What Ohio supreme court said here is, well, we don’t have any problem here, because this excise tax to be sure is not imposed on the local public utilities, but it is imposed on local gas marketers who are not public utilities under this Court’s precedents for over 100 years, ranging from the Brimmer case way back when up to this Court’s decision in Carbone.

The fact that some local people may be disadvantaged is no excuse under the Commerce Clause, and what the State is trying to do now… and this is not an argument that it made below and not an argument that was adopted by the Ohio supreme court… it is saying, well, the Federal regulatory scheme has blessed this discrimination that we have made in amendments to the Natural Gas Act that were passed in the early 1950’s, which allowed the State public utilities commissions to continue to regulate the interstate gas market and effectively overruled this Court’s decision in East Ohio.

And we’ve shown in our brief, I think, that these 1950 amendments had nothing to do with permitting discriminatory taxation by the States.

Even this Court’s decision in East Ohio recognized that the tax doctrines really didn’t have much to do with this and it was addressing itself only to regulatory issues.

But I think the most significant thing is not that Congress in the fifties authorized this kind of discrimination, but that Congress in the seventies and 1980’s has taken a very strong position that it wishes to have a competitive natural gas market, that it has taken actions again and again and again to create a competitive natural gas market in this country, and it has recognized that natural gas is a commodity which should be treated separate from transportation… in other words, this is the unbundling aspect of it… and it has said that it wants all the competitors who were selling natural gas to have an equal opportunity, and if there’s any Federal policy here, we respectfully suggest, it is a Federal policy that everybody should be treated the same and–

John Paul Stevens:

Mr. Dyk, can I interrupt you for just a second?

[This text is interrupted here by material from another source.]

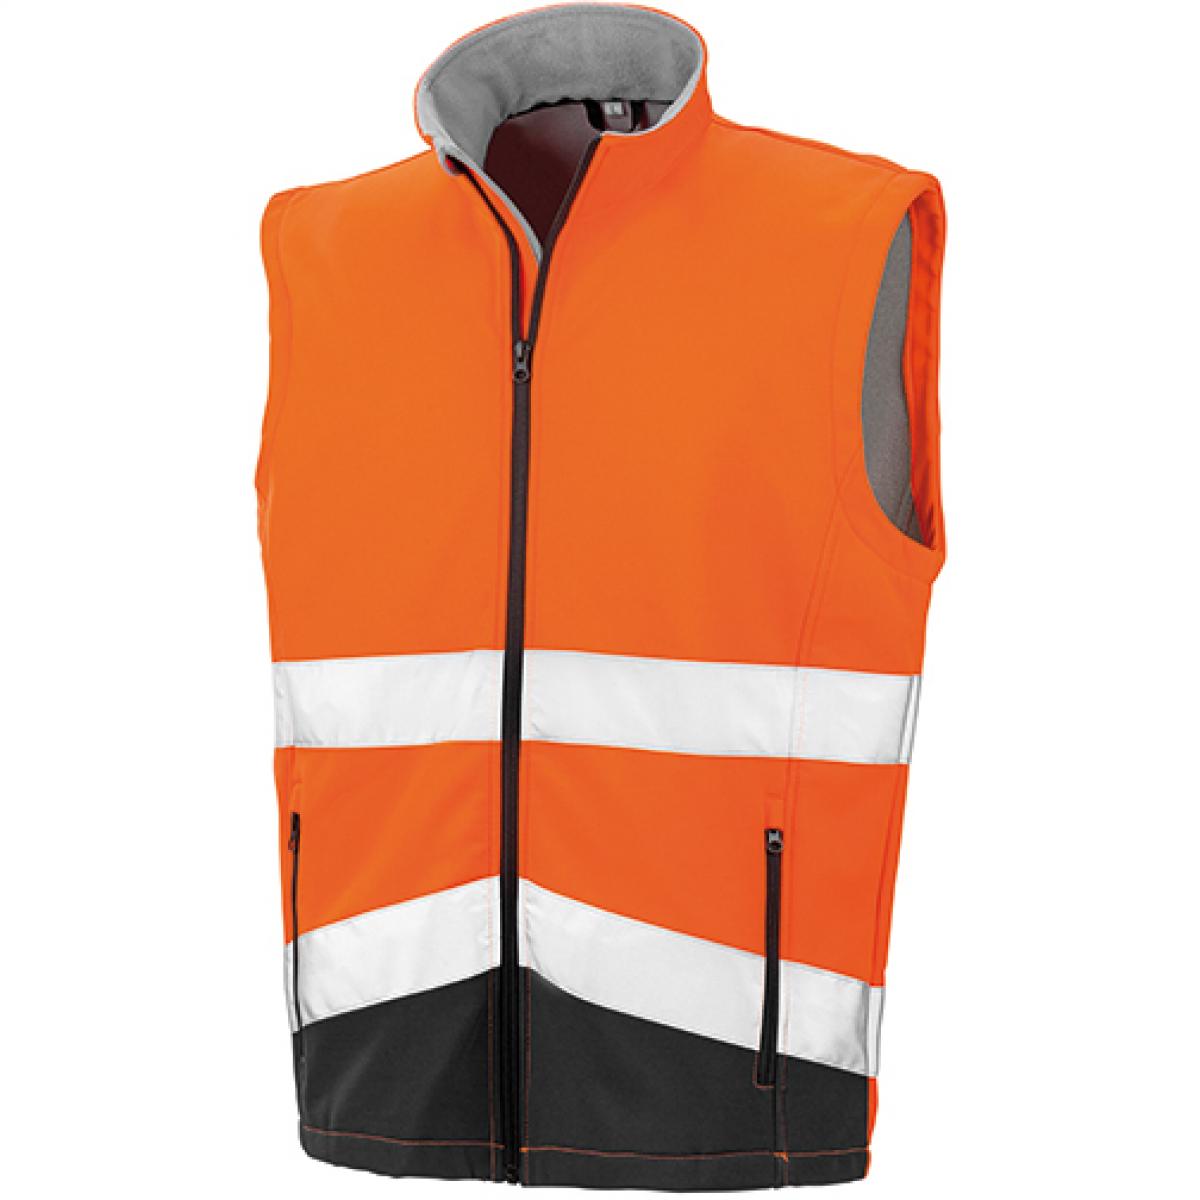 Hersteller: Result Herstellernummer: R451X Artikelbezeichnung: Herren Printable Safety Softshell Gilet Farbe: Fluorescent Orange/Black

In response to Justice Kennedy, you said that the record indicated that about 20 percent of the utility sales were industrial sales, but you don’t know how much of those were un… pursuant to volume discount tariffs, and how much were unregulated.

Assume they were all pursuant to volume discount tariffs.

Would you win or lose this case?

Timothy B. Dyk:

–Well, I think we would still win, because I think whether the public utility sales are made pursuant to tariffs or are unregulated, that in either event the public utility is a competitor with the out-of-State marketer, and that–

John Paul Stevens:

But without the power to set its own prices.

Timothy B. Dyk:

–Well, it has the power to set its own prices in the sense that it can propose tariffs, some of which may be marginal cost tariffs rather than fully allocated tariffs.

John Paul Stevens:

Let me put the question a little differently.

The record doesn’t tell us how much the 20 percent is unregulated and how much isn’t, and I suppose you have the burden of establishing unconstitutionally generally, and if the amount of unregulated sales are critical to your case, I suppose you have the burden of showing us how many they were, so is it correct that we should decide the case on the hypothesis that all of those 20 percent were actually regulated?

Timothy B. Dyk:

Oh, I don’t think you need to do that, Justice Stevens.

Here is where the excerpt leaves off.